Delaying the roll out using Huawei equipment could arguably be justified if there were proven instances of cybersecurity risks. Implementing these bans on the potential risks because of a loud bully are an entirely different picture.
Those who argue that this proof is being withheld from public view due to national security implications potentially have access to information we do not. Assuming there is proof coming from the US and its allies of the apparent security risks from utilizing Huawei equipment, we could also assume that information is being shared to its allies.
However, as allies like Britain and Germany dismiss the seriousness of these security risks, we begin to wonder what proof, if any, is available.
Intelligence sharing between the United States and the United Kingdom is all but guaranteed. If this proof existed, the UK moving forward with the allowance of Huawei equipment would be tantamount to betrayal and even treason.
With Germany’s decision to allow Huawei equipment, we also saw the desperation of the US in threatening to reduce intelligence sharing with their ally.
Extreme Scrutiny of Huawei
Huawei in the end is a corporation aimed at profits. Much like its major US competitor, Cisco, trust in their equipment is of the absolute importance. Unlike Cisco, Huawei is on the receiving end of much more scrutiny from the largest intelligence agencies around the world.
If the security risk of the equipment is as blatant and egregious as the US is insinuating around the world, that proof would have been long discovered. The fact that there is no concrete proof is not because it is a national security secret, it is because the proof does not exist.
From providing its source code to Australia to having its source code allegedly hacked by US intelligence, surely there is a reason the US is trumpeting this narrative.
Bullying by the US of nations around the world to submit to their crusade or face consequences potentially boils down to the fact that Huawei would be unlikely to submit to spying requests from US intelligence agencies.
Der Spiegel reported in 2013 on leaked documents highlighting the NSA’s arsenal when it comes to infiltrating the security of nearly all telecommunications equipment, including equipment from Huawei and Cisco.
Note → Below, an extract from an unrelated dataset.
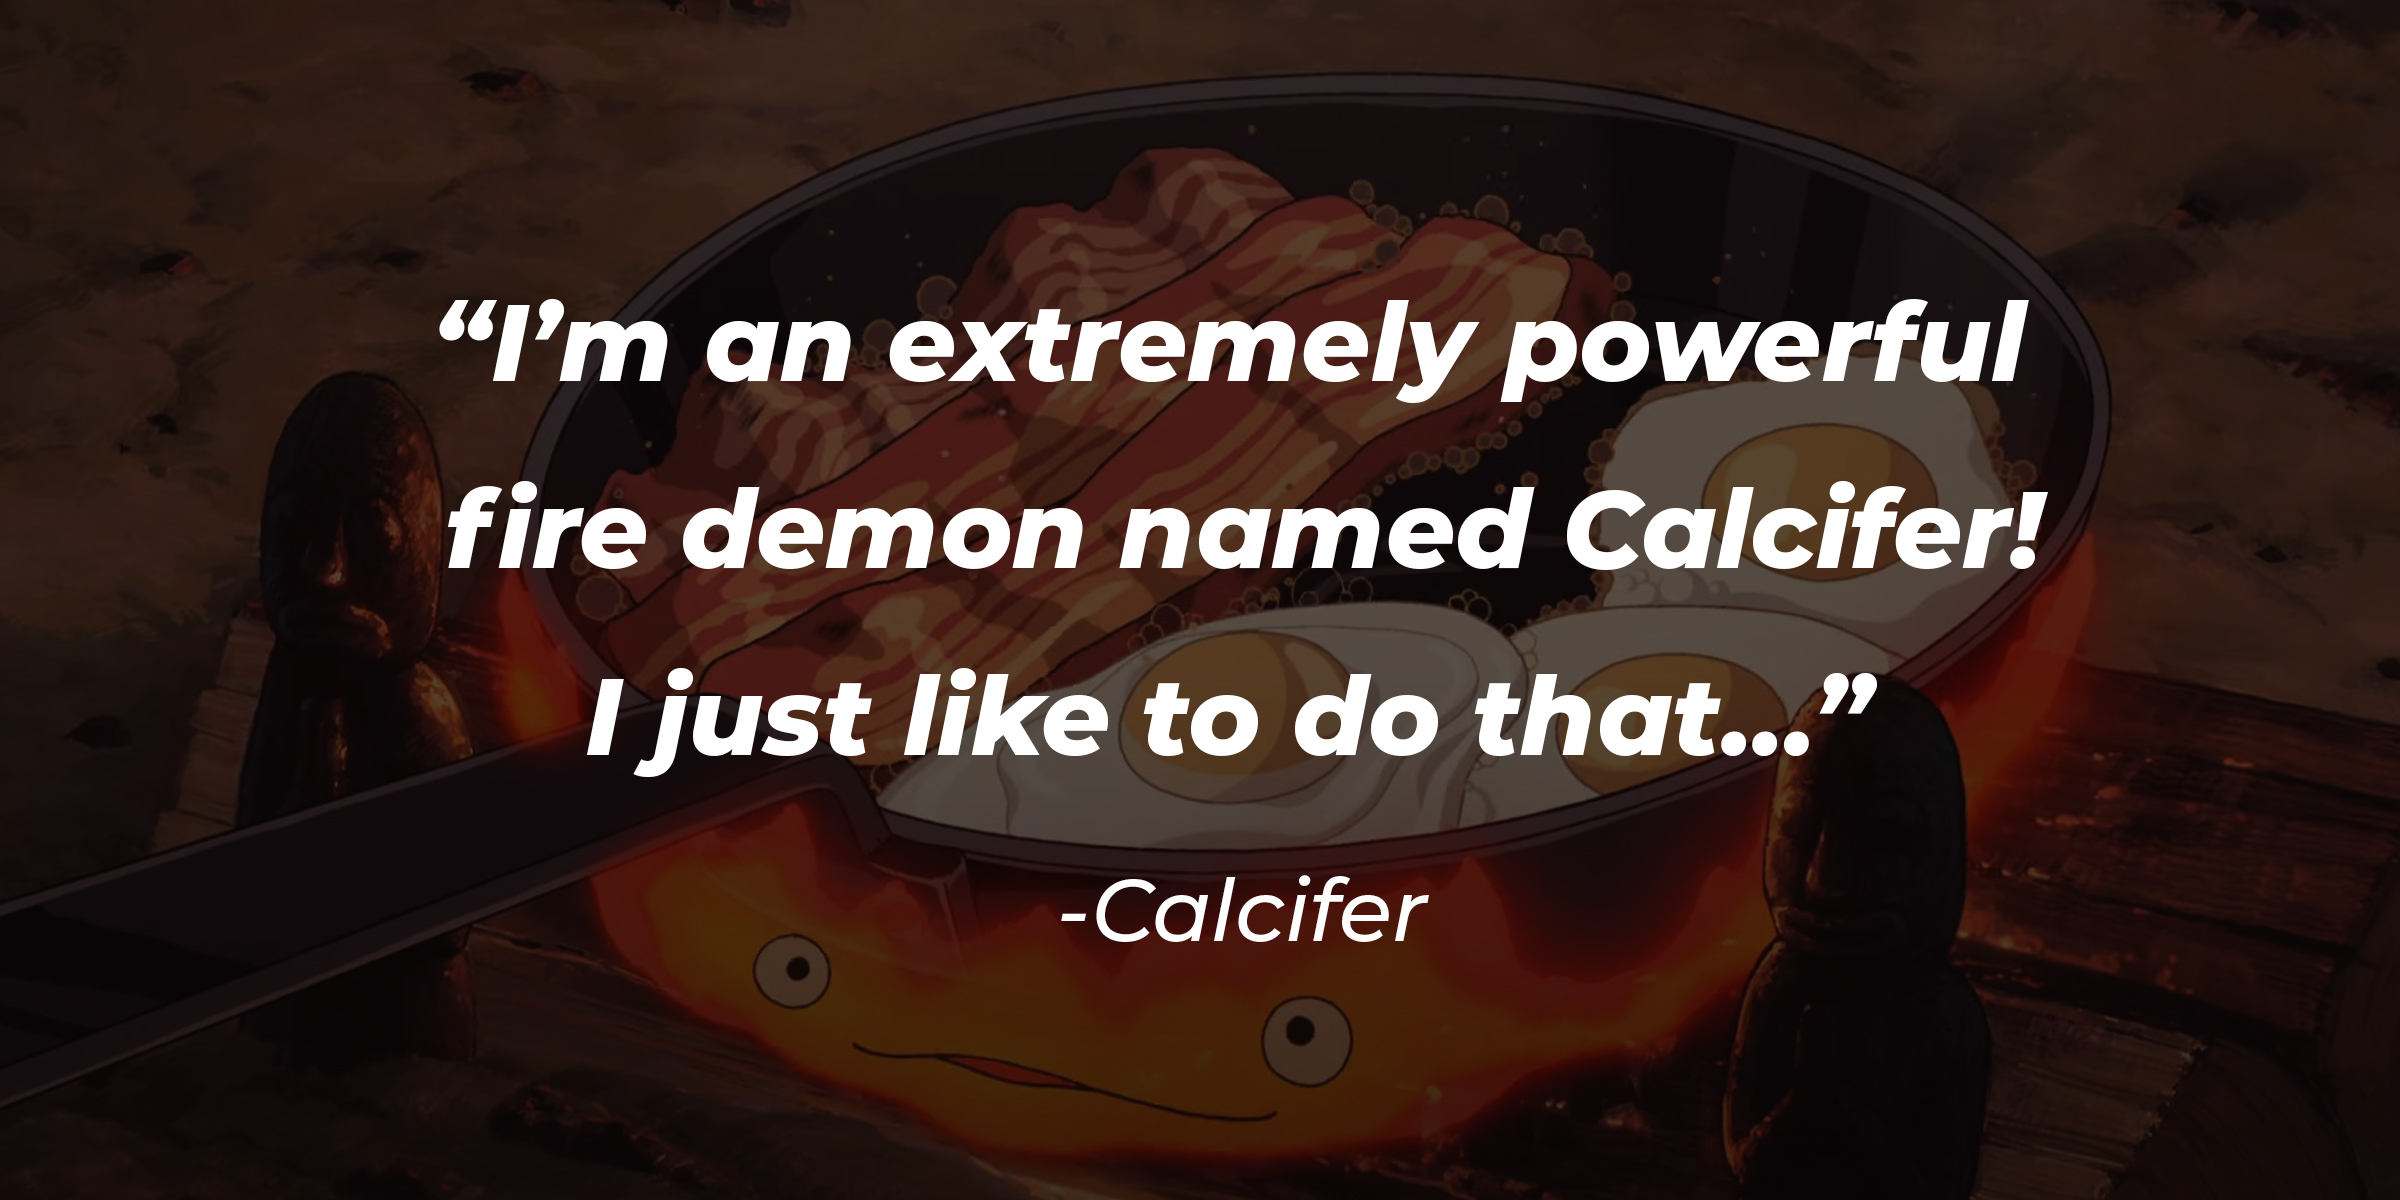 A picture of Calcifer underneath a pan where breakfast is being made along with Calcifer’s quote: “I’m an extremely powerful fire demon named Calcifer! I just like to do that…” | Source: facebook.com/GhibliUSA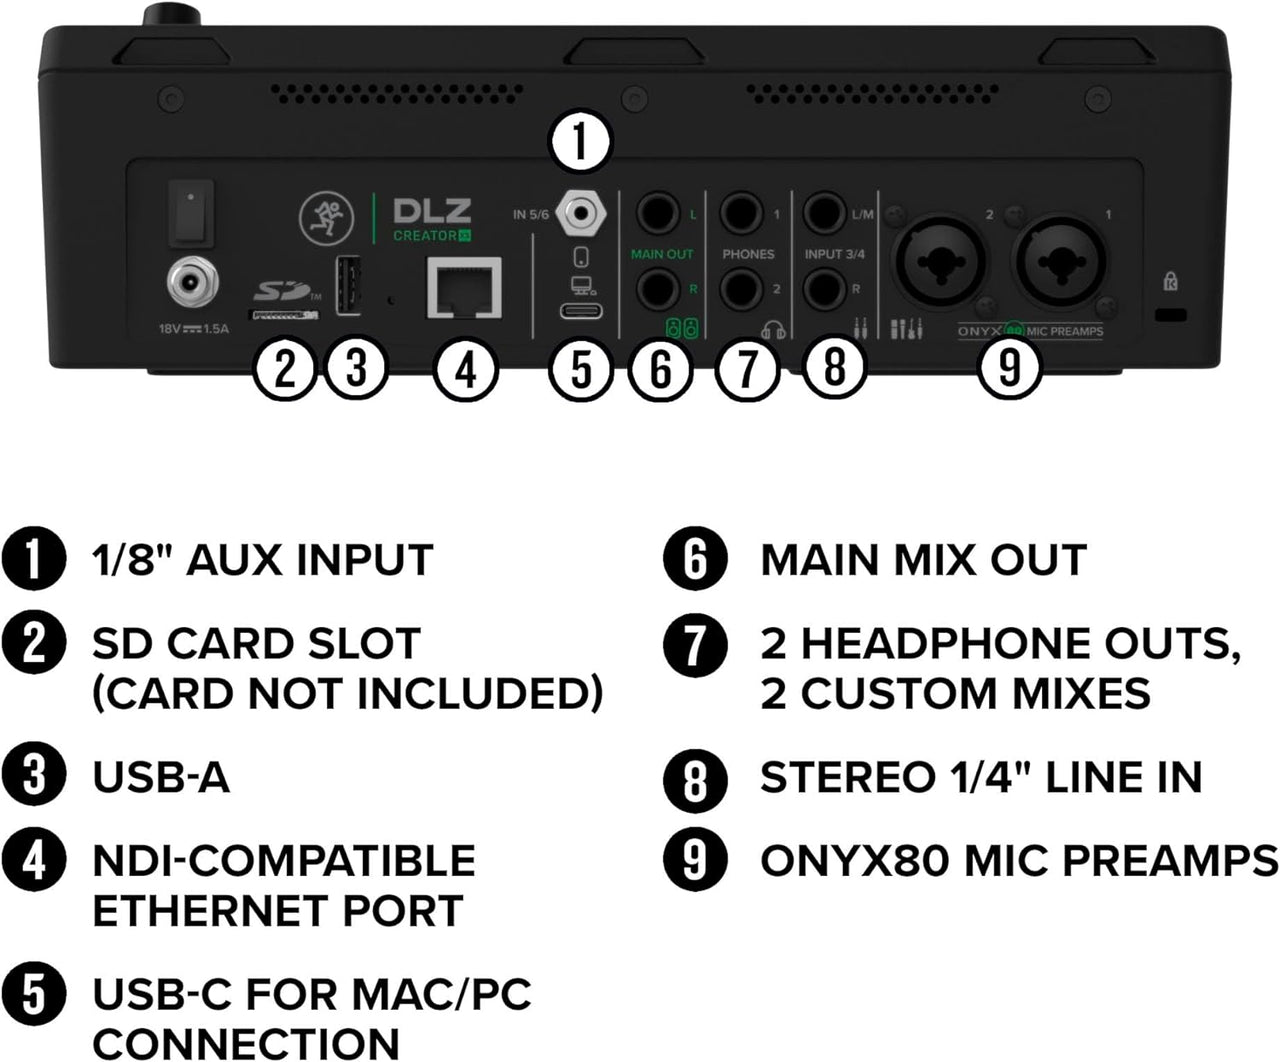 Mackie DLZ Creator Adaptive Digital Mixer for Podcasting, Streaming and YouTube with User Modes & Professional Over-Ear Monitoring Headphones,Black

Even if we take the accusations from the US on the security risks at face value, their spy agencies have proved that regardless of the equipment, backdoors and cooperation from manufacturers is not a requirement.
The leaked document of the NSA’s toolbox was dated from 2008, which potentially provides some insight as to the US’ current motivations. It is possible that since these documents were leaked, Huawei has reviewed their software and diminished the US’ spying ability.
If Huawei takes the stage in the 5G roll out around the world and they have actually improved security in their equipment, this would could certainly explain why the US government has been so zealous in its endeavor.
As allies, corporations, and professionals undermine the US’ position, it is time to take a step back and look at the reality of the situation. Huawei has a strong history when it comes to the security in their software and telecommunications equipment.
As countries move forward with allowing Huawei to be involved in their 5G rollouts, they will have these networks built faster and cheaper than those nations who do decide on a ban. The US, in pushing this position around the world risks putting itself and its allies technology years behind with their 5G technology. Until the security risks are proven otherwise, this decision can only be detrimental to those countries who decide on a ban.